Despite her economic situation, Nigeria spends over N793 billion ($2.6 billion) annually on importation of information and communications technology (ICT) equipment, the Director General, National Information Technology Development Agency (NITDA), Dr. Isa Ali Pantami has said.
Pantami who made the disclosure at a technology forum in Lagos recently, said the trend in importation of ICT equipment into the country is on the rise and could hit N44.835 trillion ($147 billion) by 2020, if it remained checked.
Besides, he said, the trend would impact negatively on Nigeria’s local content development, since a lot of local equipment manufacturers would suffer defeat and loss of businesses as their products would not be patronised.
“If you look at the amount of money we spend annually on the importation of goods and services of ICT you will be amazed. It is approximately around $2.6 billion annually and this amount is projected to reach around $147 billion in 2020. It is almost six times our current budget. And that is why we are putting more pressure on our local currency (the Naira). There is no strategy on developing our local content.
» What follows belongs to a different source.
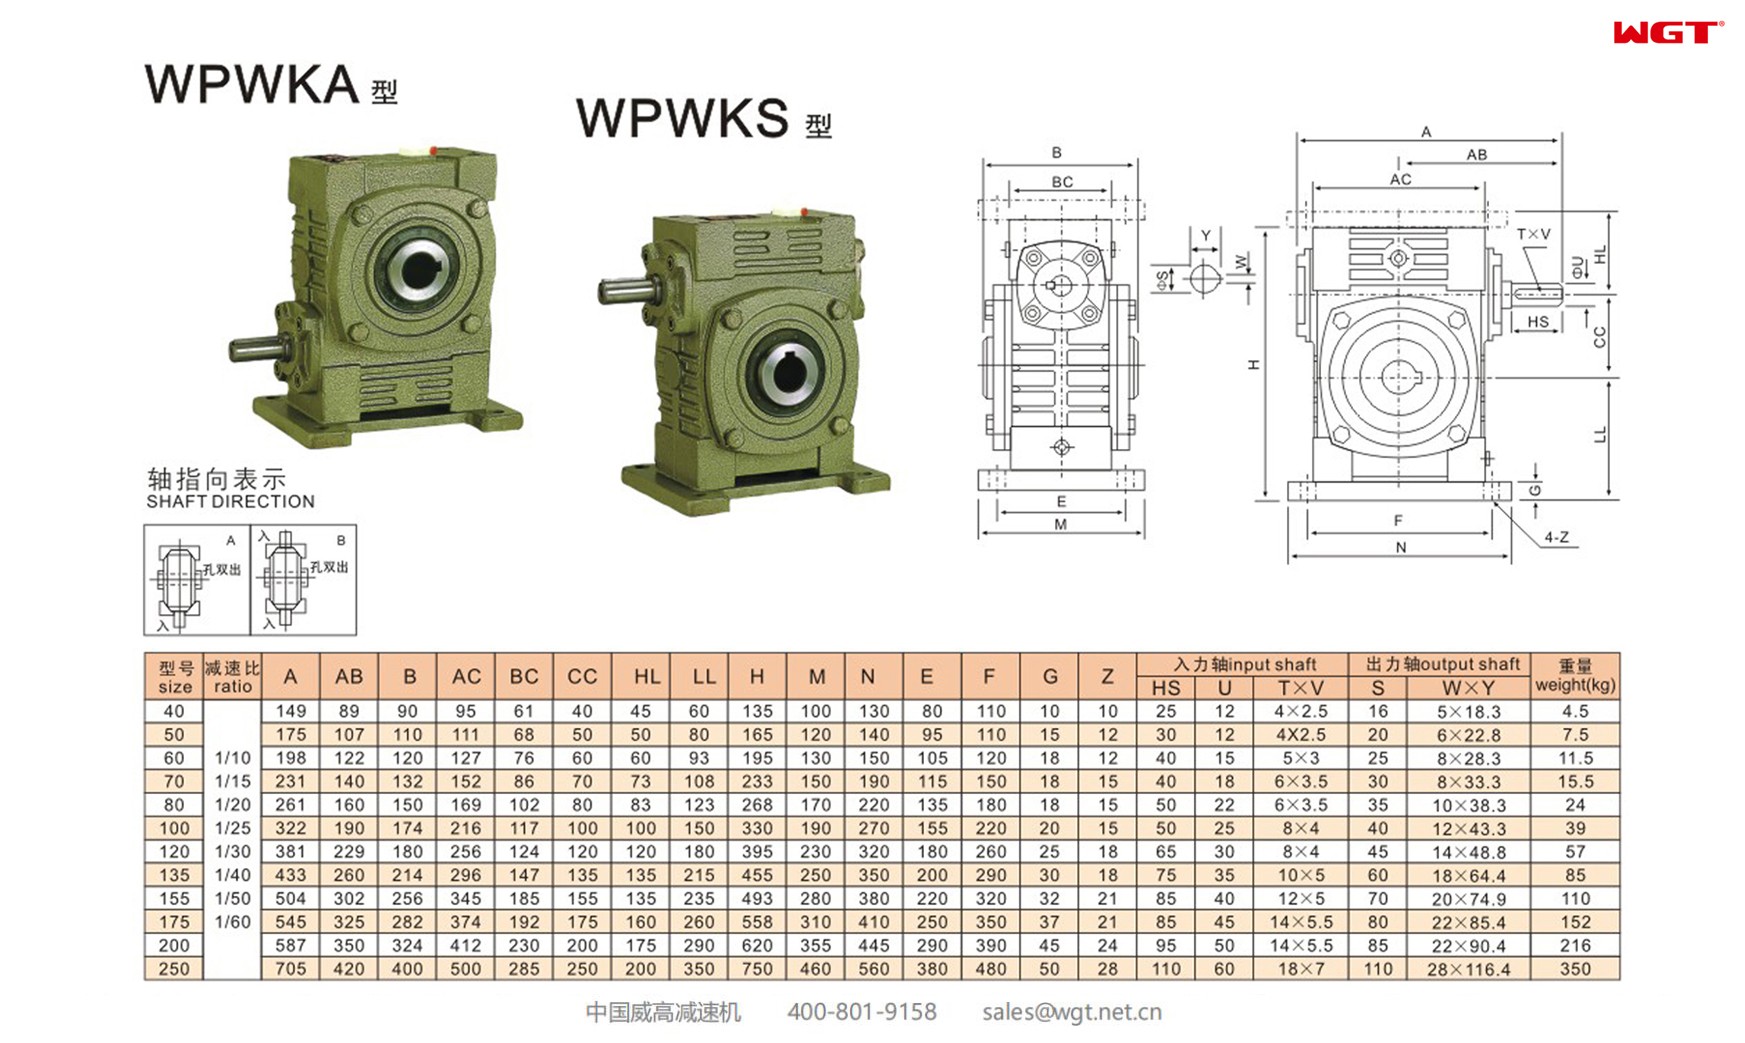 WPWKS155 worm gear reducer universal speed reducer 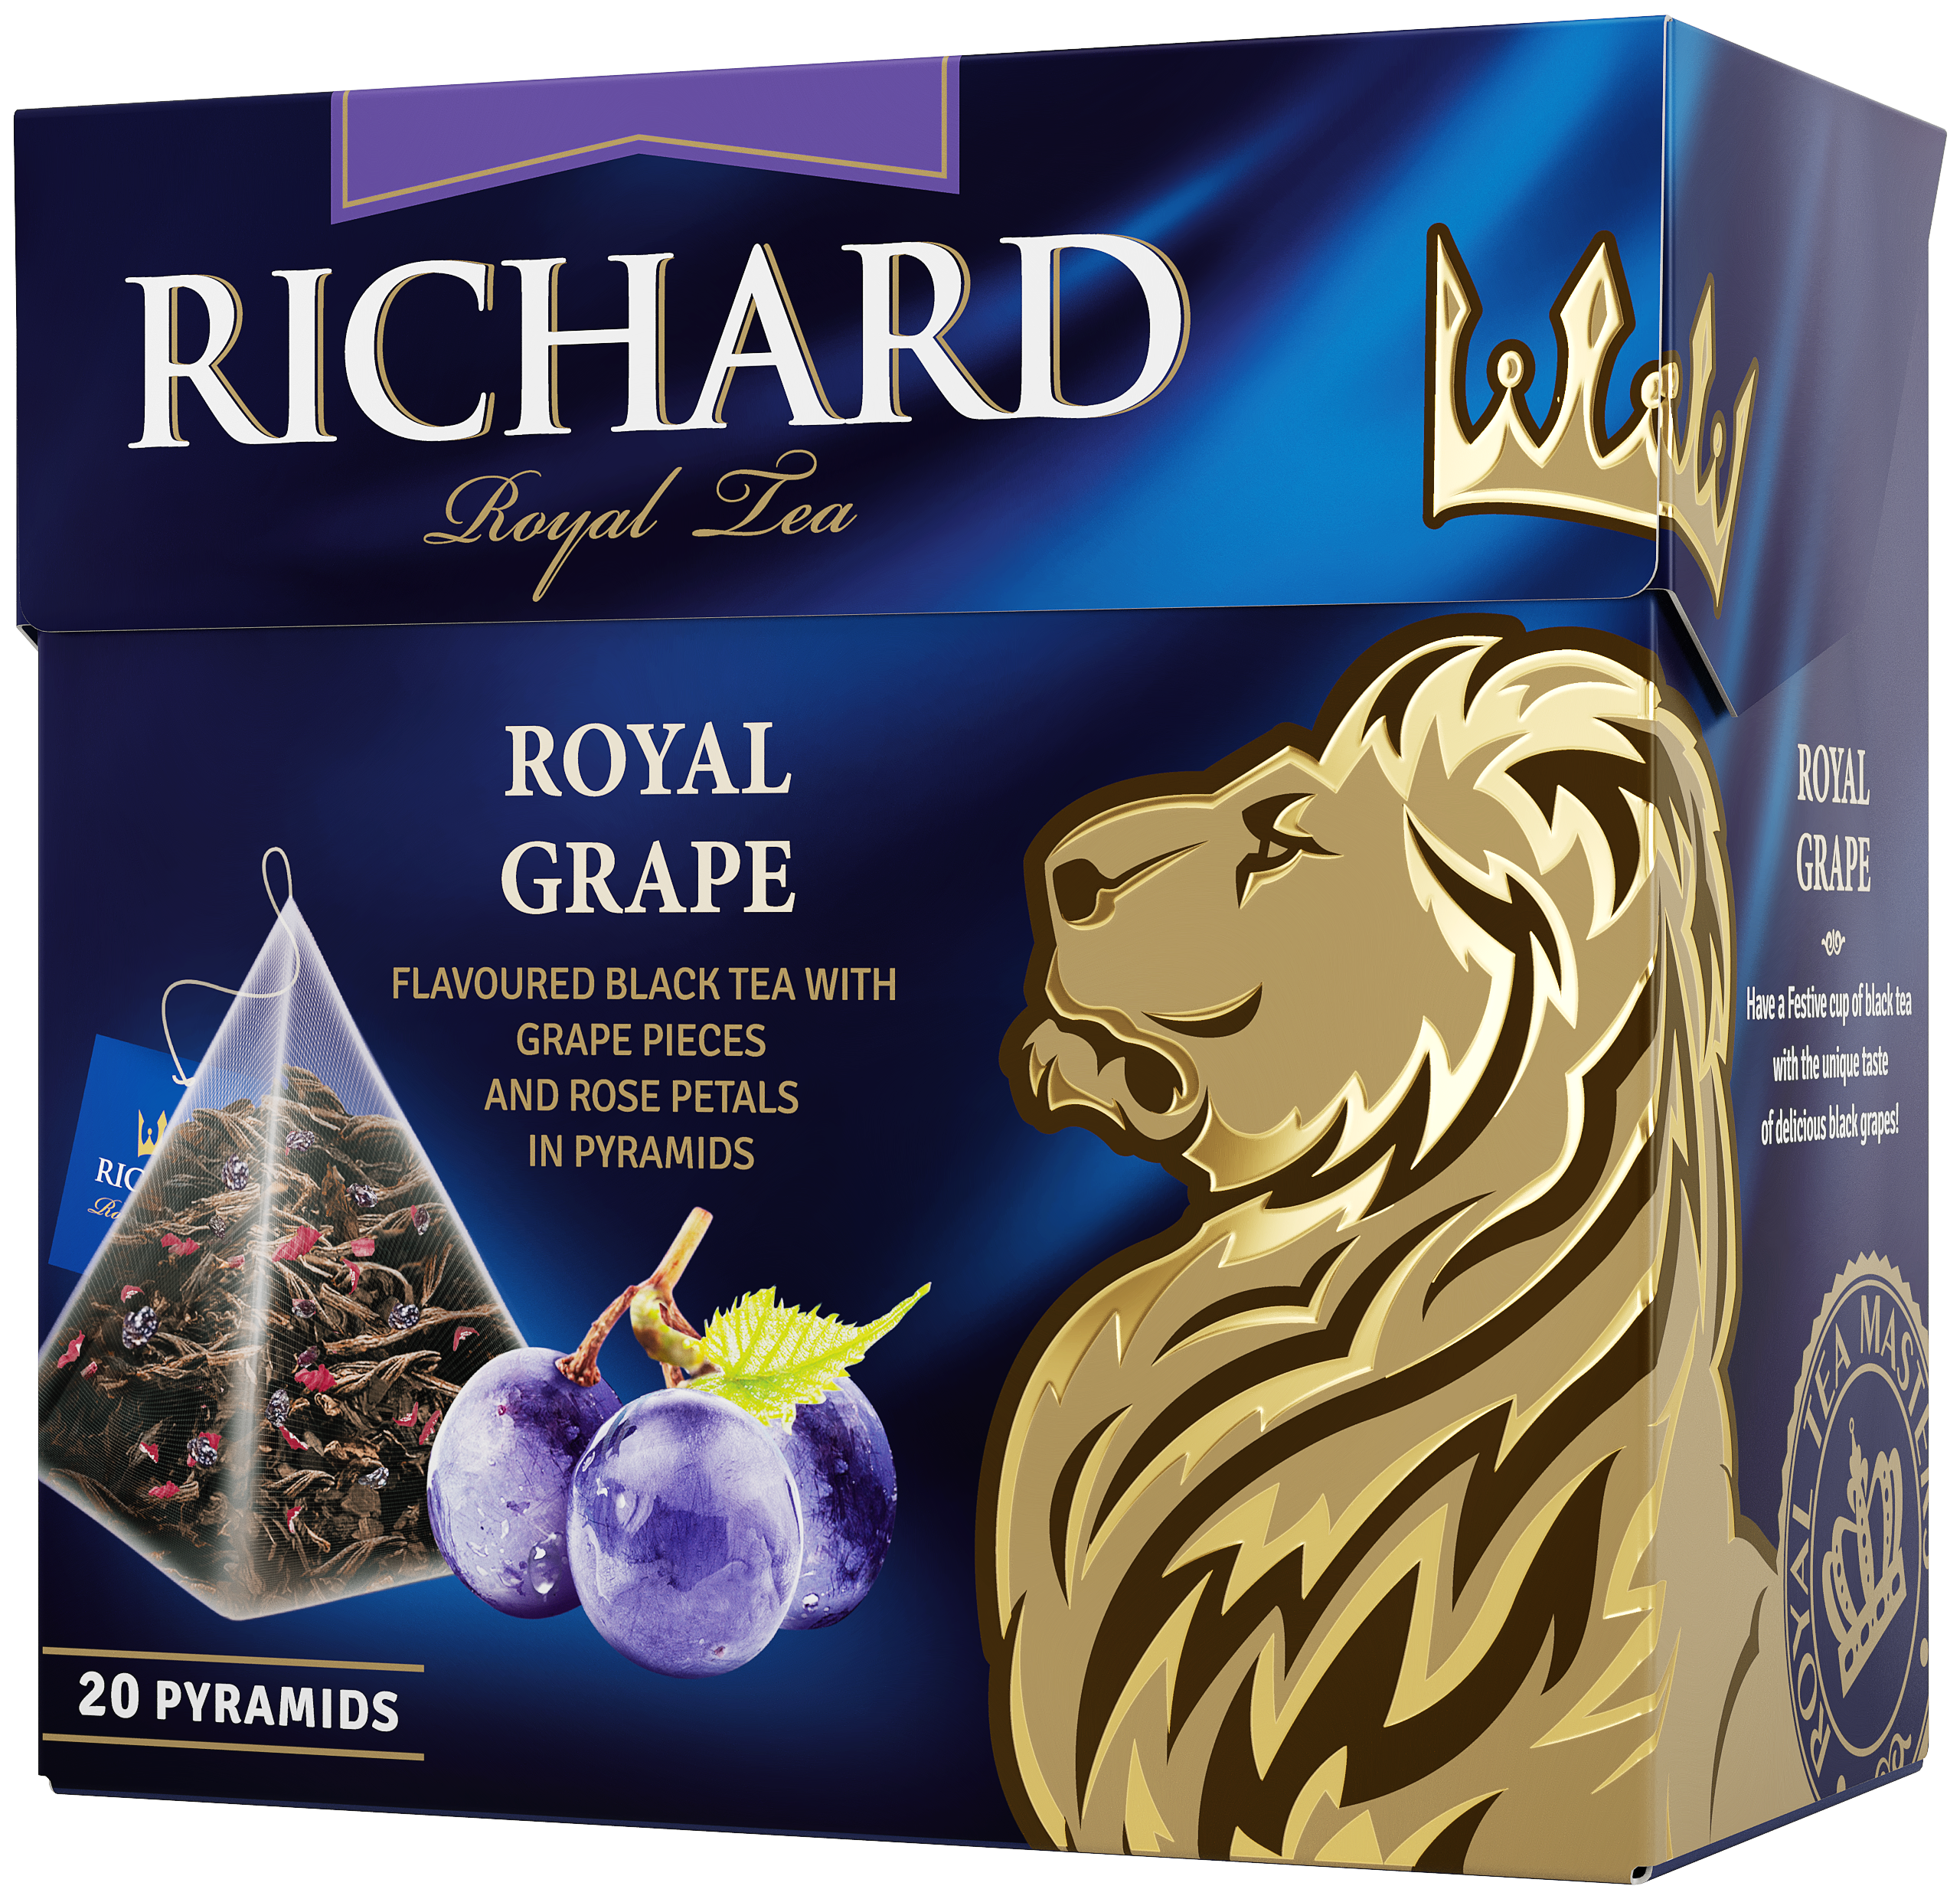 Richard "Royal Grape", black flavored large leaf tea, 20 pyramids

We are focused on sourcing forex and importing something into our nation without cross-checking whether we have it in our nation locally or not,” Pantami said.
He insisted that Nigeria would continue to lose huge amount of money to capital flight, if the trend persists, and called for the right policy implementation to address the ugly trend.
He said ICT regulation and the promotion of local content remained essential to sustaining real growth and the building of indigenous capacity for Nigeria.
“Without regulation, you cannot in any way promote our local content; you cannot in any way encourage and motivate people to patronise locally developed products, and this has to change fast in order to protect our local industries,” Pantami said.
Industry stakeholders who supported the views of Pantami, blamed the situation on weak enforcement of government policies, which they said could be good and practicable, but lack the willpower to implement and control.
One of the stakeholders, who is the President of the Institute of Software Partitioners of Nigeria (ISPON), Mr. Olorogun James Emadoye blamed the federal government for policy inconsistencies and poor implementation. He recalled that the federal government, through the former Secretary to the Government of the Federation, Chief Ufot Ekaette, wrote a letter with Ref No SGF/OP/1/S.3/VII/795, to head of civil service commission, ministries department and agencies (MDAs) of government, on the need to patronise made -in -Nigeria products, including procurement of locally assembled computers and locally developed software. He said the letter directed all federal MDAs to comply with the directive, but expressed deep dissatisfaction that such directive was never implemented. The situation, he said, has grounded several local manufacturers of ICT products and equipment in the country, whereas importation of ICT equipment still thrives in the country.
Emadoye therefore called on government to expedite action in putting in place, policies and the right implementation that would support local content development in a sector where there are willing and talented people that could develop ICT equipment with global standard and best practice.